Note: I have tried to enable fuse(2) with the qemu build, as it first seems
that it would need 3.8 only for the hole support. But it needs fuse3 in all cases.
Therefore we can not provide the feature as-is with fuse2.
[Dependencies]
OK:
- no other Dependencies to MIR due to this
- no -dev/-debug/-doc packages that need exclusion
[Embedded sources and static linking]
OK:
- no embedded source present
- no static linking
[Security]
OK:
- history of CVEs does not look concerning
Not that there would be none, but they are identical to "fuse" which
is in main.
- does not run a daemon as root
- does not use webkit1,2
- does not use lib*v8 directly
- does not open a port
- does not process arbitrary web content
- does not use centralized online accounts
- does not integrate arbitrary javascript into the desktop
- does not deal with system authentication (eg, pam), etc)
Problems:
- does parse data formats - as this is the very nature of what a filesystem
does.
[Common blockers]
OK:
- does not FTBFS currently
- no translation present, but none needed for this case (user visible)?
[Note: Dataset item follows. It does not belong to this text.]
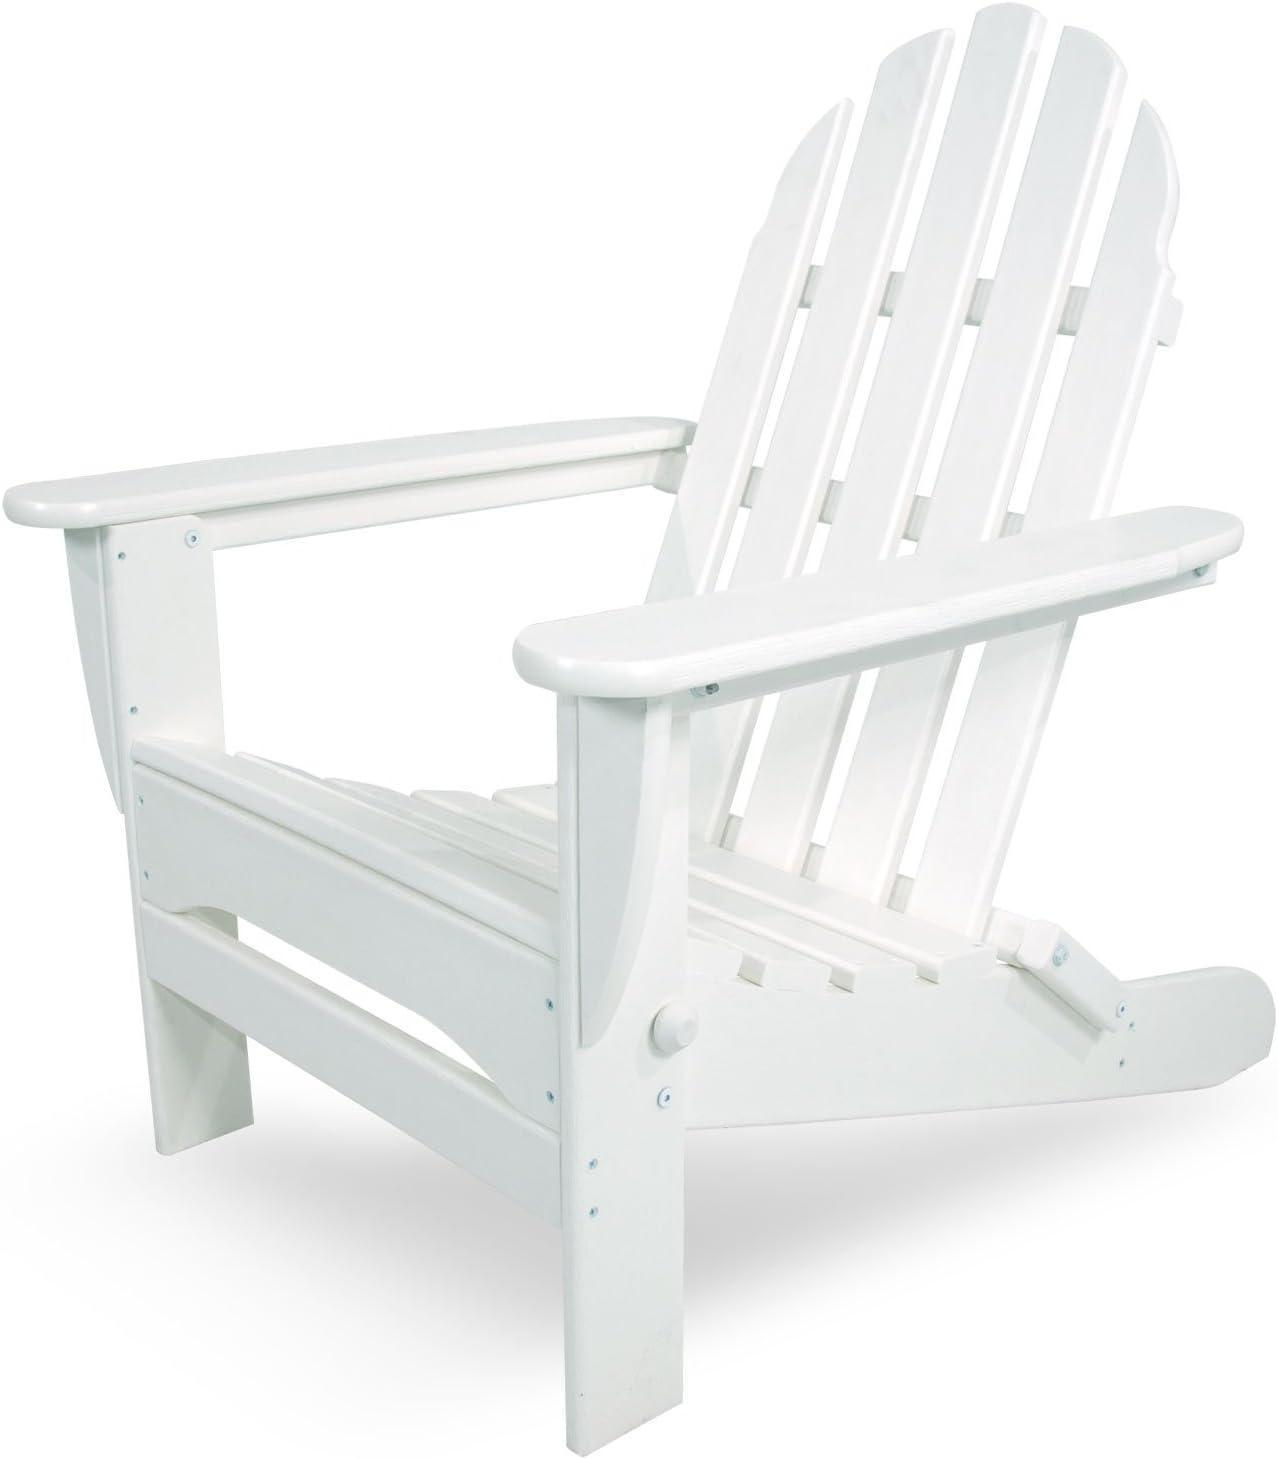 "POLYWOOD AD5030WH Classic Folding Adirondack Chair, 35.00"" x 29"" x 35.00"", White"
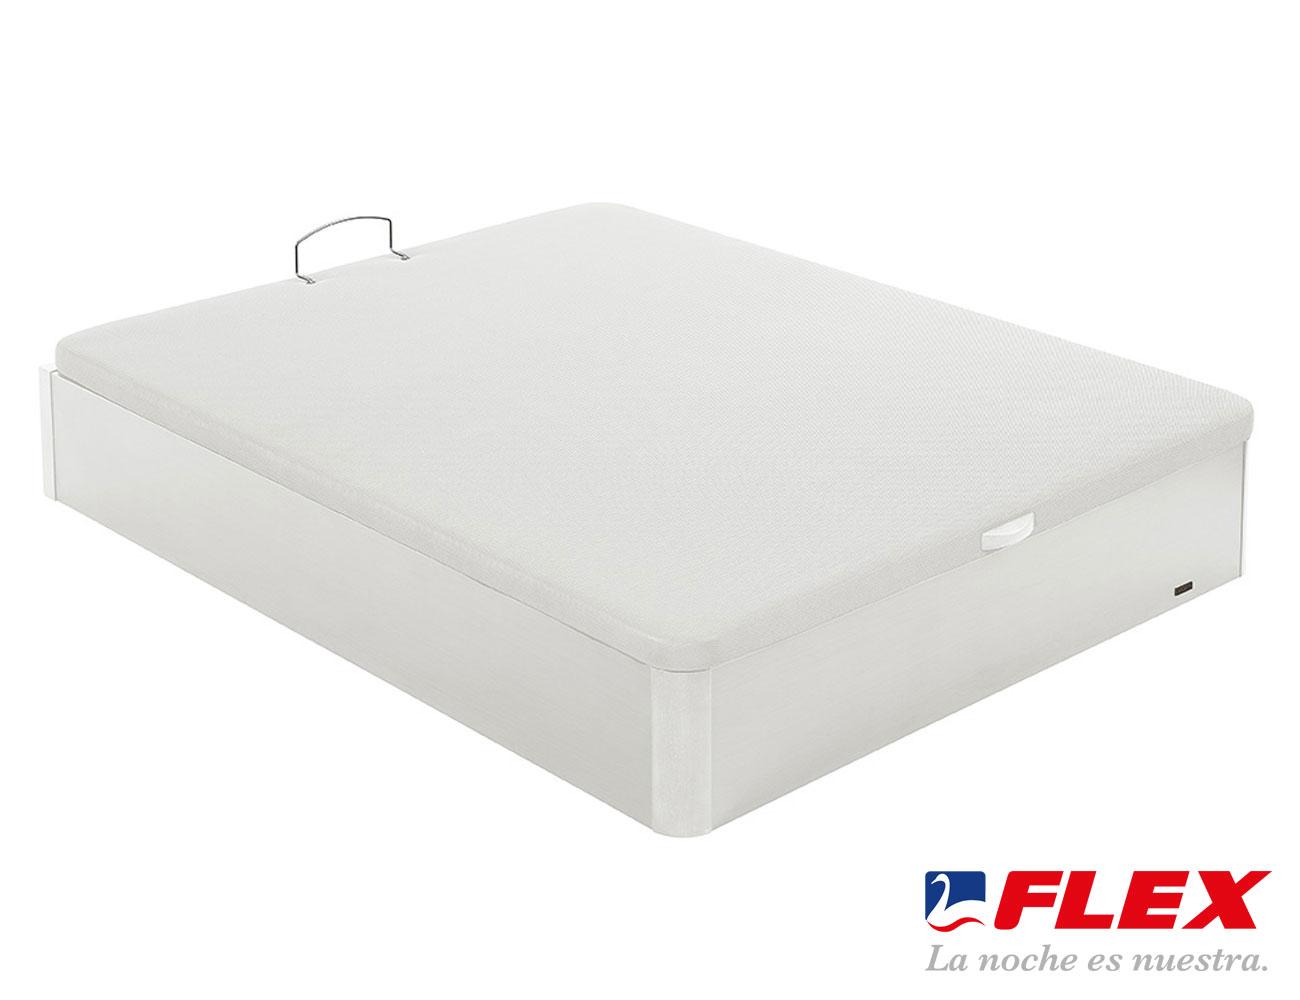 Canape flex abatible blanco 2

- not a python/go package, no extra constraints to consider in that regard
- no new python2 dependency
Problems:
- does have a test suite that runs at build time
- But this test suite foes not fail the build upon error.
- does not have a test suite that runs as autopkgtest
- The package has no team bug subscriber (yet)
[Packaging red flags]
OK:
- Ubuntu does not carry a delta
- symbols tracking is in place
- d/watch is present and looks ok
- Upstream update history is good
- Debian/Ubuntu update history is good
- the current release is packaged
- promoting this does not seem to cause issues for MOTUs that so far
maintained the package
- no massive Lintian warnings
- d/rules is rather clean
- Does not have Built-Using
- is not on the lto-disabled list
[Upstream red flags]
OK:
- no Errors/warnings during the build
- no incautious use of malloc/sprintf (as far as I can check it)
- no use of sudo, gksu, pkexec, or LD_LIBRARY_PATH
- no use of user nobody
- no important open bugs (crashers, etc) in Debian or Ubuntu or Upstream
- no dependency on webkit, qtwebkit, seed or libgoa-*
- not part of the UI for extra checks
Problems:
- use of setuid for e.g. fusermount3 binary
This is the same for fuse(2) so I guess it is fine, but this is another +1
on needing a security review.
P.S. sorry Paride for rejecting after I did ask you to have a look at it; But for what it is worth I can confirm the the MIR request itself was perfectly done!